I think his aura is gone at 205. There’s already great LHW at 205 with Machida and Silva pretty much being undefeated (for Silva, to UFC fans). The reason why Fedor is Fedor is because he’s doing it at heavyweight.
[quote]I think his aura is gone at 205. There’s already great LHW at 205 with Machida and Silva pretty much being undefeated (for Silva, to UFC fans). The reason why Fedor is Fedor is because he’s doing it at heavyweight.[/quote]
I agree, but he’s dominated while the division was weak. If he drops to 205 without fighting the big fights, or if he just keeps ducking them, there will always be the question of his real standing. If he takes the big fight and is destroyed, then the mystique is exposed as hype. If he takes the big fights and wins, that will shut everybody up forever. If he drops to 205 after a loss to Lesnar or Silva (Antonio), and then dominates there, he should still be seen as a great fighter. There’s no shame in fighting your weight and being the best.
A lot of “Best fighters in the world” have come to the UFC for a reality check over the years. I think Fedor likes the world he lives in just the way it is.
Wait, so you’re saying that he should drop to 205 after fighting the best guys at heavyweight? I’m confused. Because at least for this year, he’s not going to fight a top five heavyweight in Strikeforce.
He doesn’t really have a choice but to fight heavyweight. That’s where he’s made his name. But it’s not the same class of fighter anymore. His days are numbered. Everyone loses eventually. I think a more realistic place for him to be is 205, but he’s stuck in heavyweight for now. Going down would be interpreted as running.
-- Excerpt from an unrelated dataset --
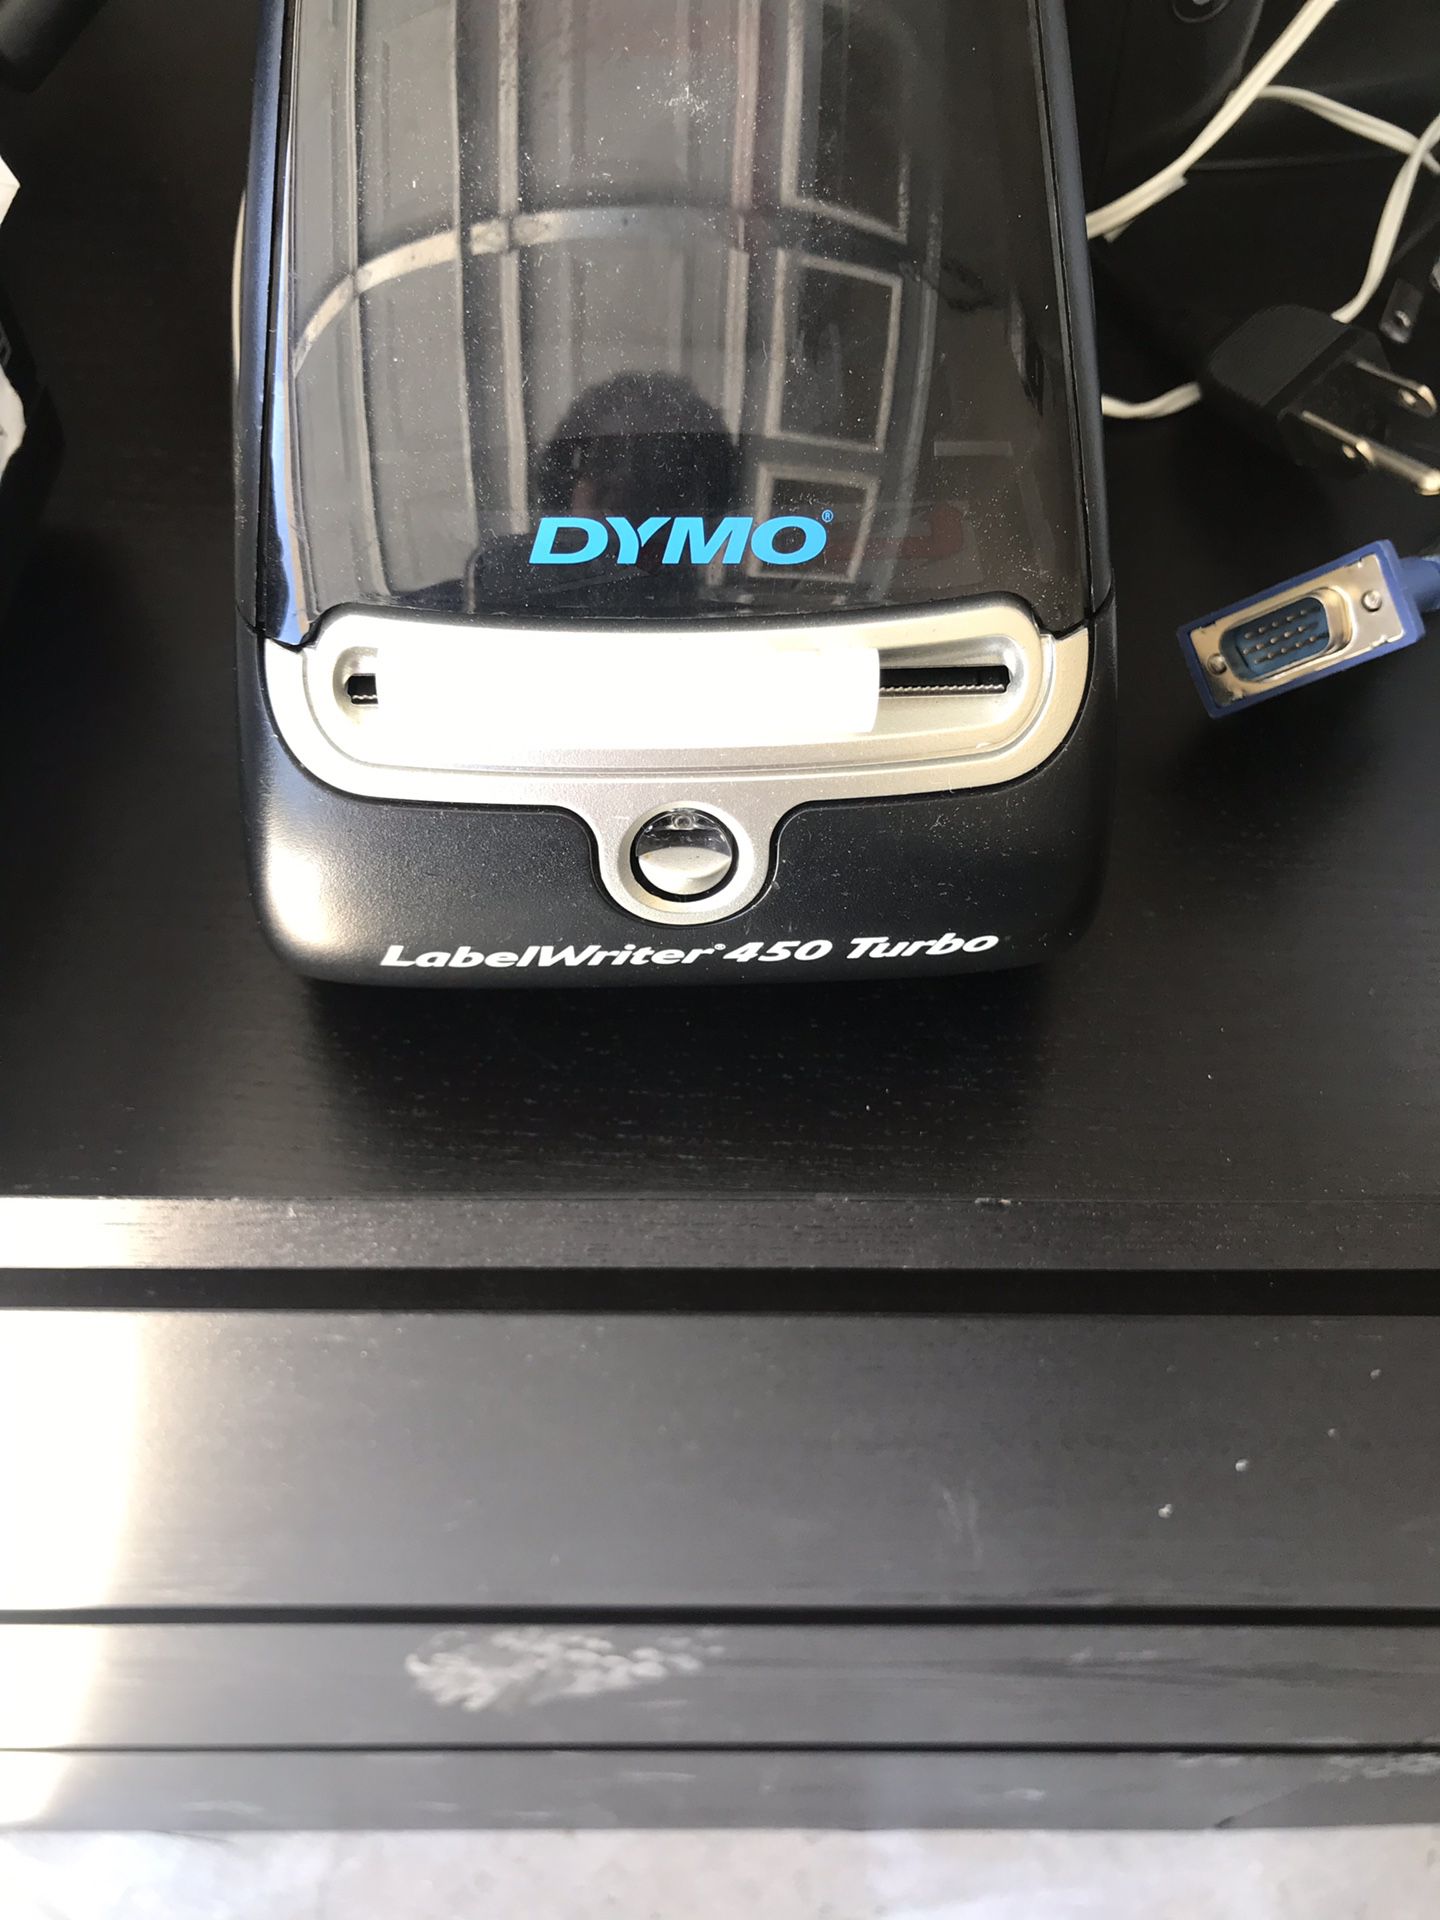 DYMO Label Printer 450

Is there really a heavyweight in the same class as Lesnar right now? (Maybe Antonio Silva. That’s the fight I’d really like to see.) Letting Lesnar get another year of training and improvement before meeting him in the cage is like asking for a sharper axe instead of a pardon at your execution. I don’t know for sure if that fight will ever happen. Fedor could very well lose in Strikeforce.
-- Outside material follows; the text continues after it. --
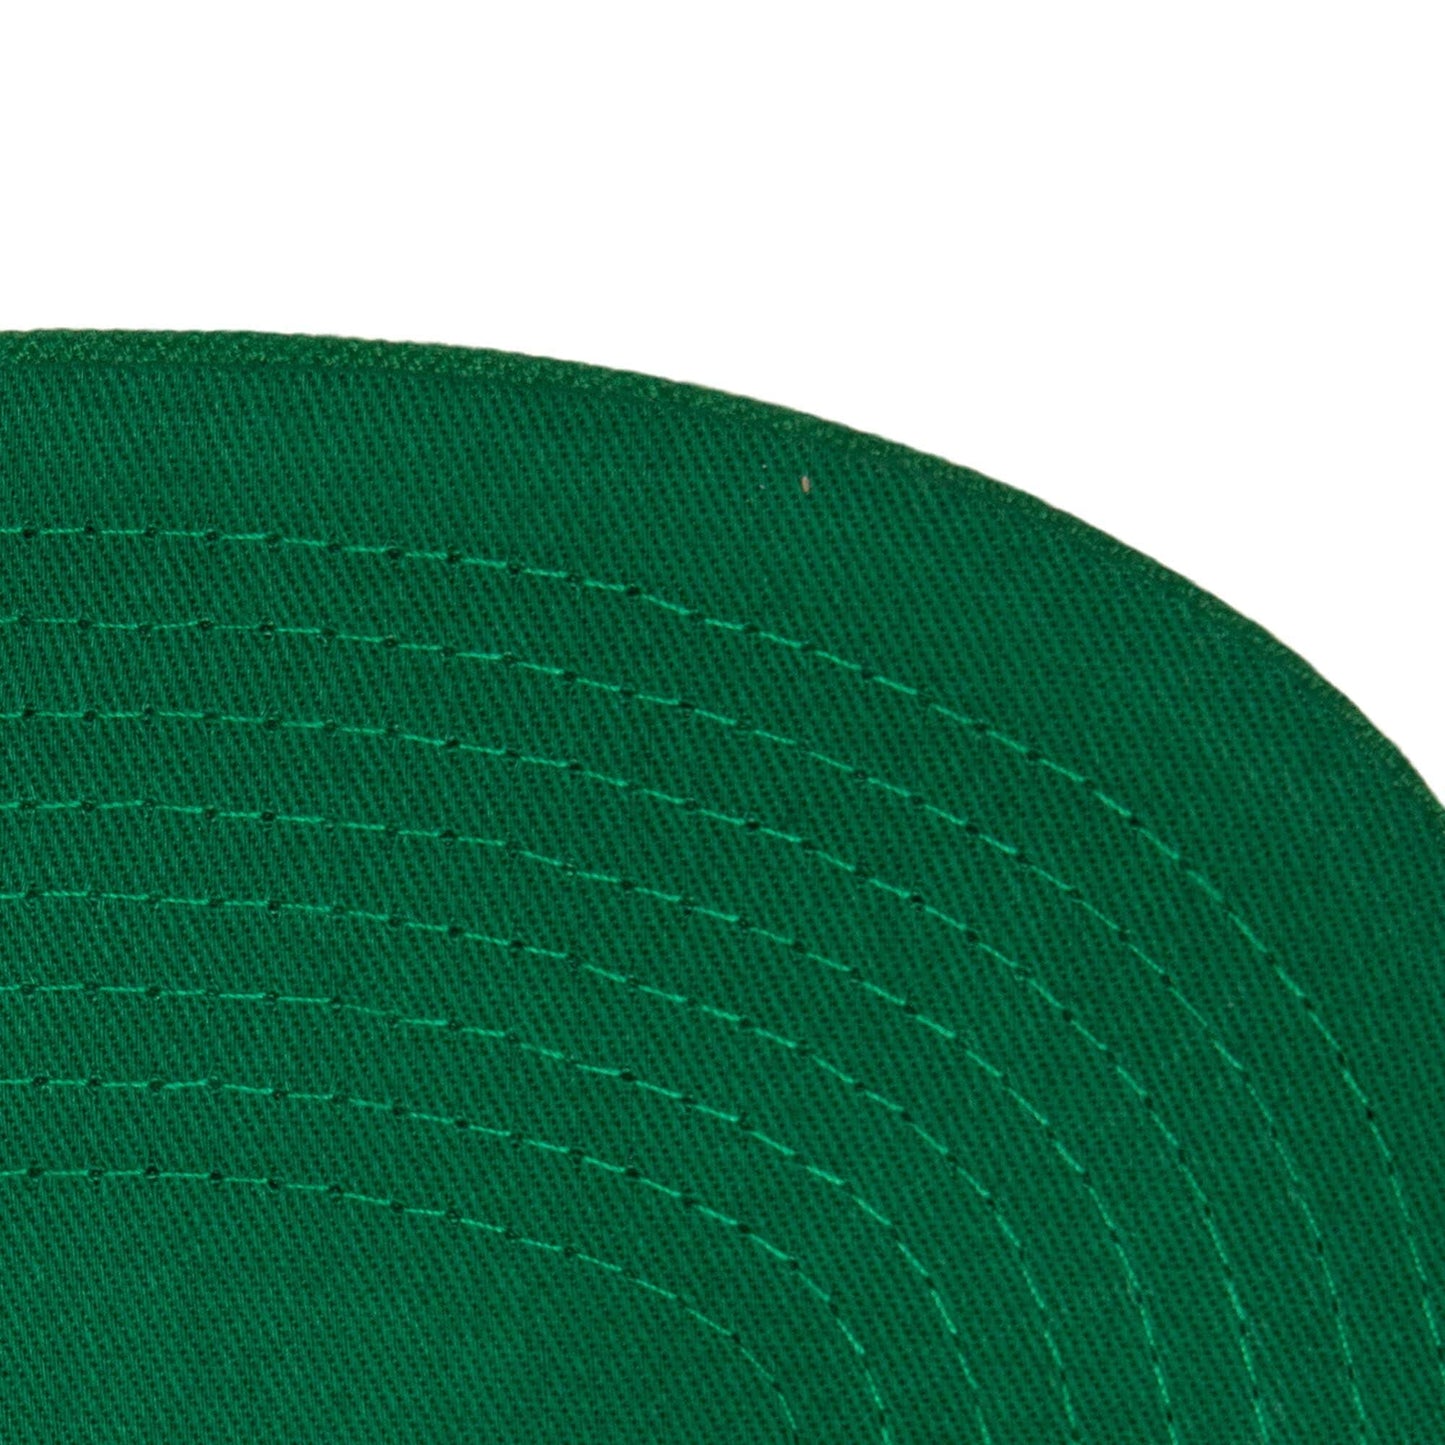 Men's Boston Celtics Mitchell & Ness 2 Tone Black and Green Low Big Face Hardwood Classics Snapback Hat

It’s interesting that you think Fedor’s days are numbered. Obviously, chances are that everyone gets beat, so I can see your point there. I guess I’ll just have to see it with my own eyes.
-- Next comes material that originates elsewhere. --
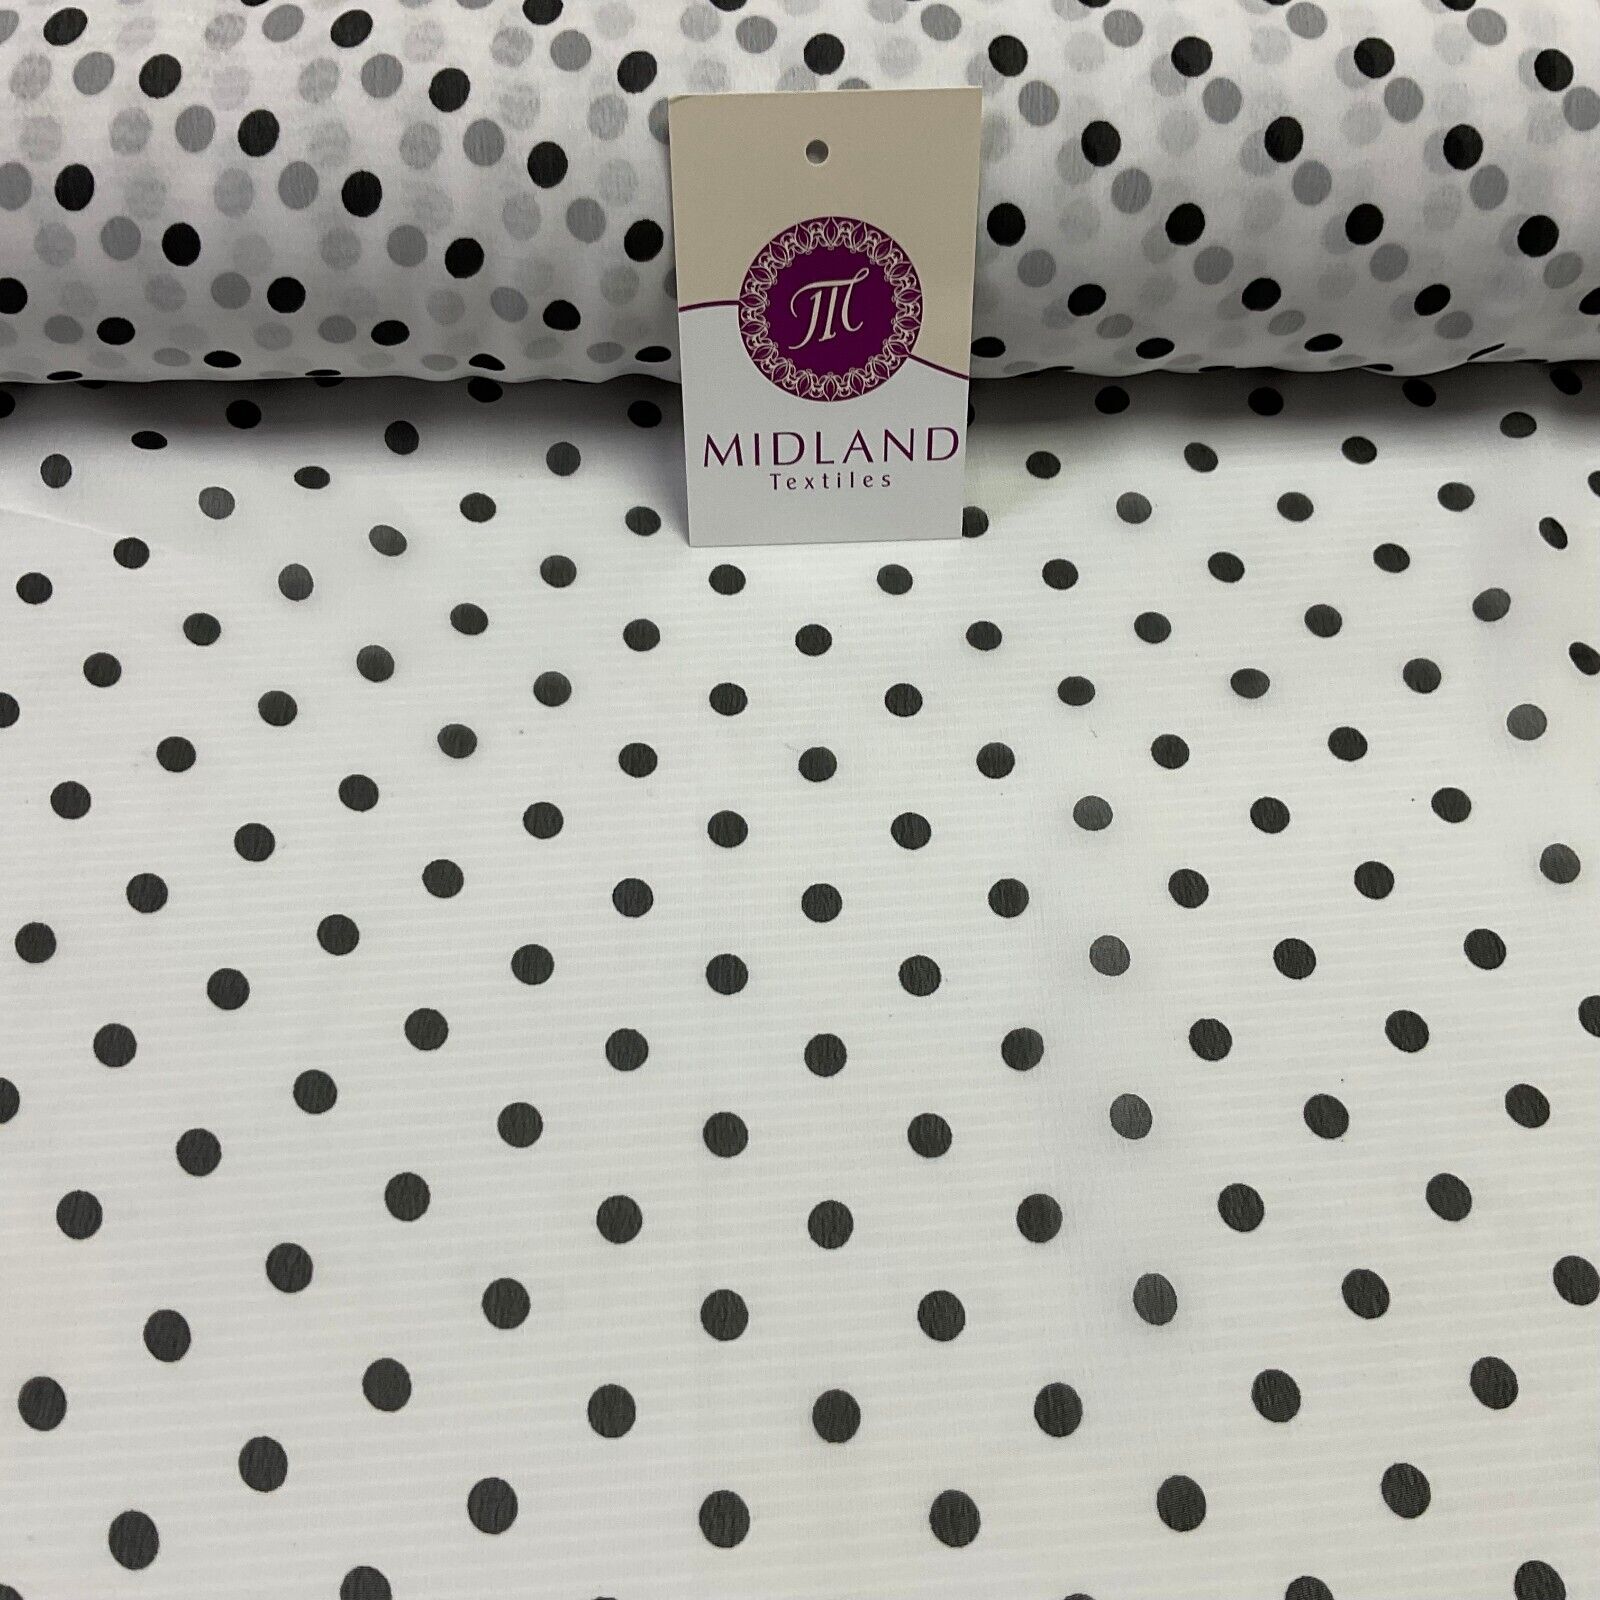 Polka Dot Spot Sheer, Flowy dress blouse chiffon fabric 58 inches wide M1748

Fair enough. It’s just my opinion. I thought Forrest Griffin was going to challenge Anderson Silva last night, too. (But not beat him) I could be completely full of crap.
For the record, I think it would be cool as hell for a “little guy” like Fedor to beat Brock Lesnar’s ass. (I don’t like the guy, or think his skills would serve him well, if he didn’t have brute strength and size to make up for them.) I was pulling for Randy Couture, too. I wouldn’t bet on it though.
No, all opinions are welcome here. I’m glad you found us. You should check out our weekly podcast too.
first of anyone who thinks fedor is over the hill is out of there mind he lost one fight because of a technicality i dont consider a loss to a cut a real loss [obviously it is]. fedor has proven himself time and time again what has brock done,he fell a$$ backwards into a title shot,and brock is only famous because of his wrestling career if it wasnt for that he would just be another big guy personaly i think that fedor cannot be beat by anyone in any fighting leage heavy or light heavy he is by far the greatest and most likely will not suffer another loss to anyone for the rest of his career which he could stretch out for atleast another 5 10 years i know it seams like a long time given his age already but look at couture and fedor has more skill and strength either way fedor is better and more popular worldwide
I’m not sure Fedor is more popular worldwide. He does have more exposure worldwide, but he was never really a big draw for Pride. However, he is great. There’s no doubt about that. I wouldn’t go as far as saying that he won’t lose. But, by signing with Strikeforce, he definitely made his undefeated streak a little more untouchable.